Dante never went back to Florence. He spent the next twenty years of his life moving throughout Italy, writing and keeping an eye on Florentine politics. His family did not join him for more than a decade. While in exile, Dante re-focused on his life's true calling—his poetry.
While lodging in Lucca, Dante began composing an essay entitled De Vulgari Eloquentia. The essay detailed the fractured state of the Italian language (there were fourteen dialects spoken across the country) and stressed the need for a common vernacular language. It was written in Latin, the language of the educated elite. From then on, however, Dante's greatest works would be composed in Italian.
Pope Boniface died in 1303, but his death did nothing to lift Dante's sentence. In 1306, Dante began writing a long poem entitled Convivio ("Banquet"). It was akin to a poetic resume, intended to remind Florentines of all that he had achieved and to introduce his new identity as a poet. An even more mature adult replaced the young man of Vita Nuova. Instead of total devotion to love, the new poet sought wisdom as his goal. After reminding Florentine readers of how much he had accomplished, Convivio asked for forgiveness from Florence's Whites and Blacks. Unfortuately, no such clemency was offered to Dante. With no end to his exile in sight, Dante began writing the poem that would make him famous—Commedia, or Comedy.
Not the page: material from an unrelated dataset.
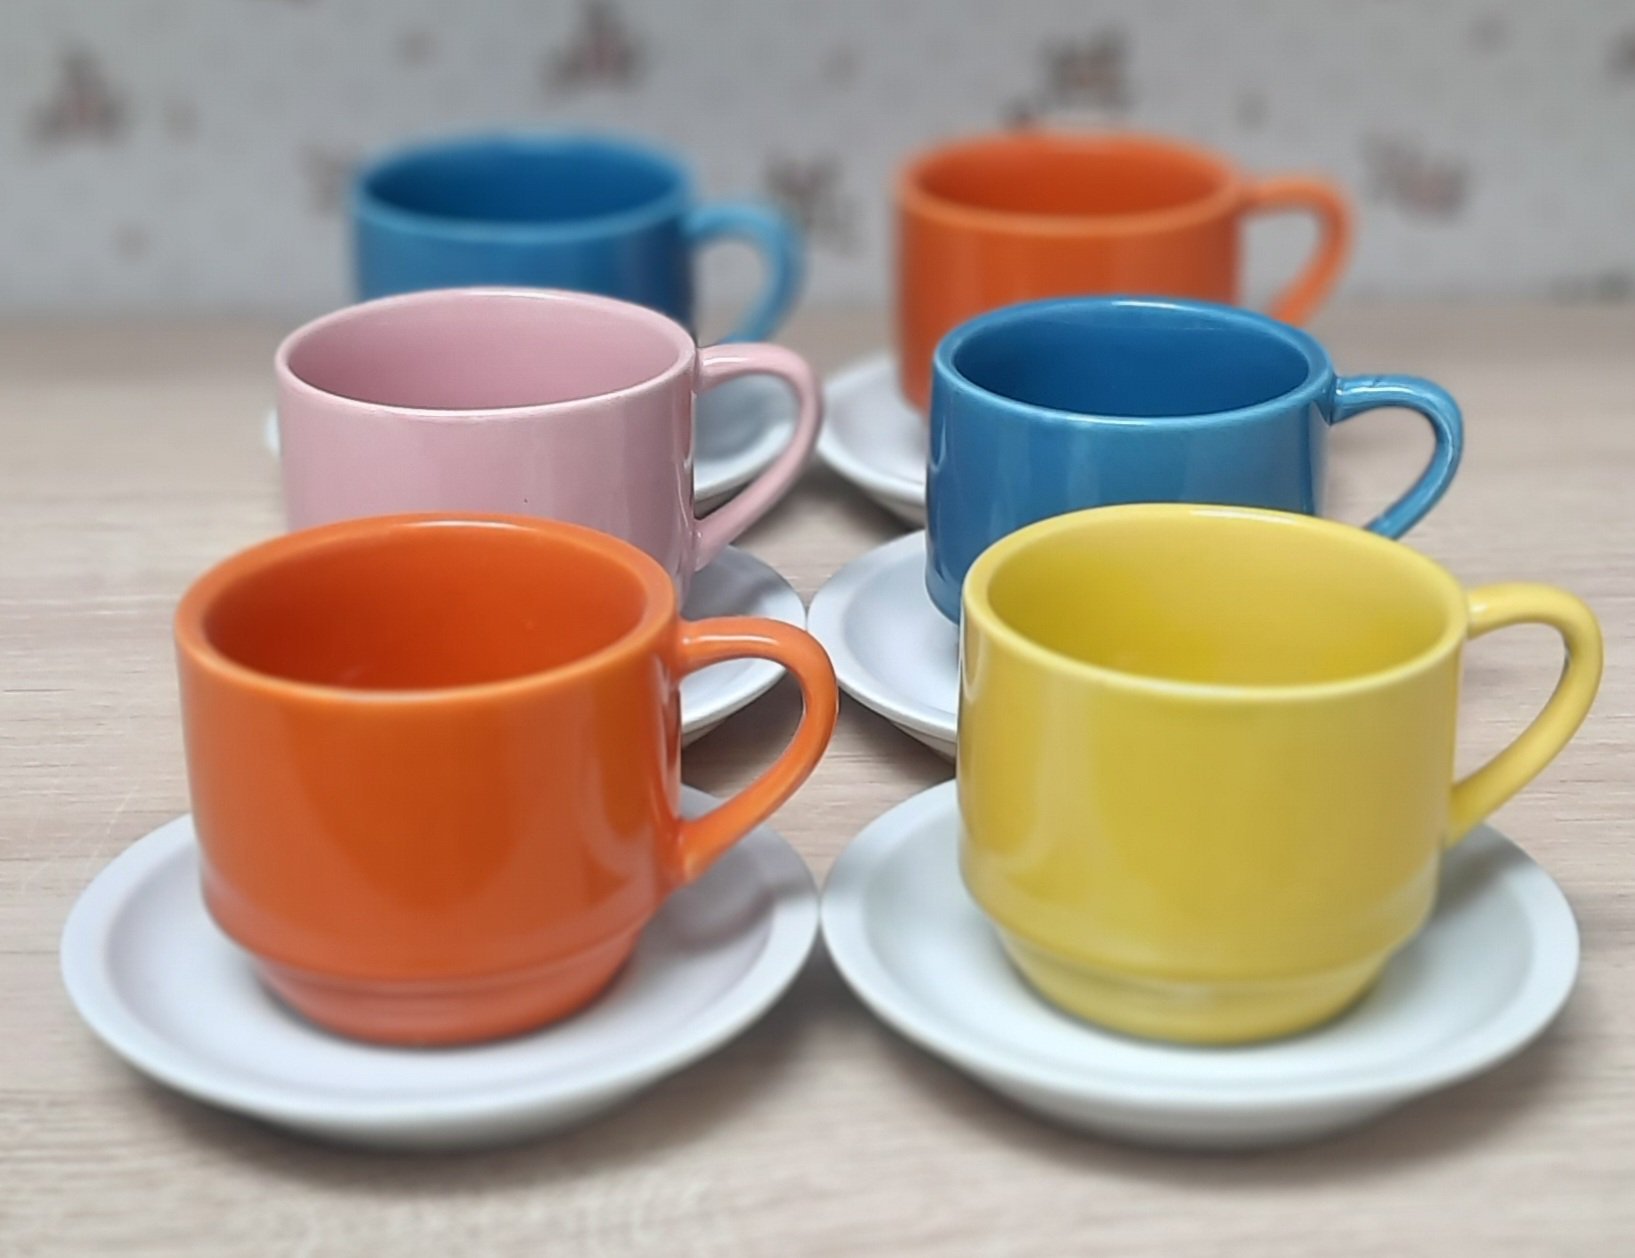 Jogo 6 xícaras de Café e Chá com pires - 200 ml Empilháveis - Porcelana Colorida - 5

"Comedy" did not mean that the poem was intended to be funny. Dante used the word "comedy" to indicate that his story had a happy ending—his meeting with God—rather than a sad ending, which would have made it a tragedy. He also didn't dub his own work "Divine." Two hundred years after his death, an unknown author added the word to the title to give the trilogy the title we use today—the Divine Comedy.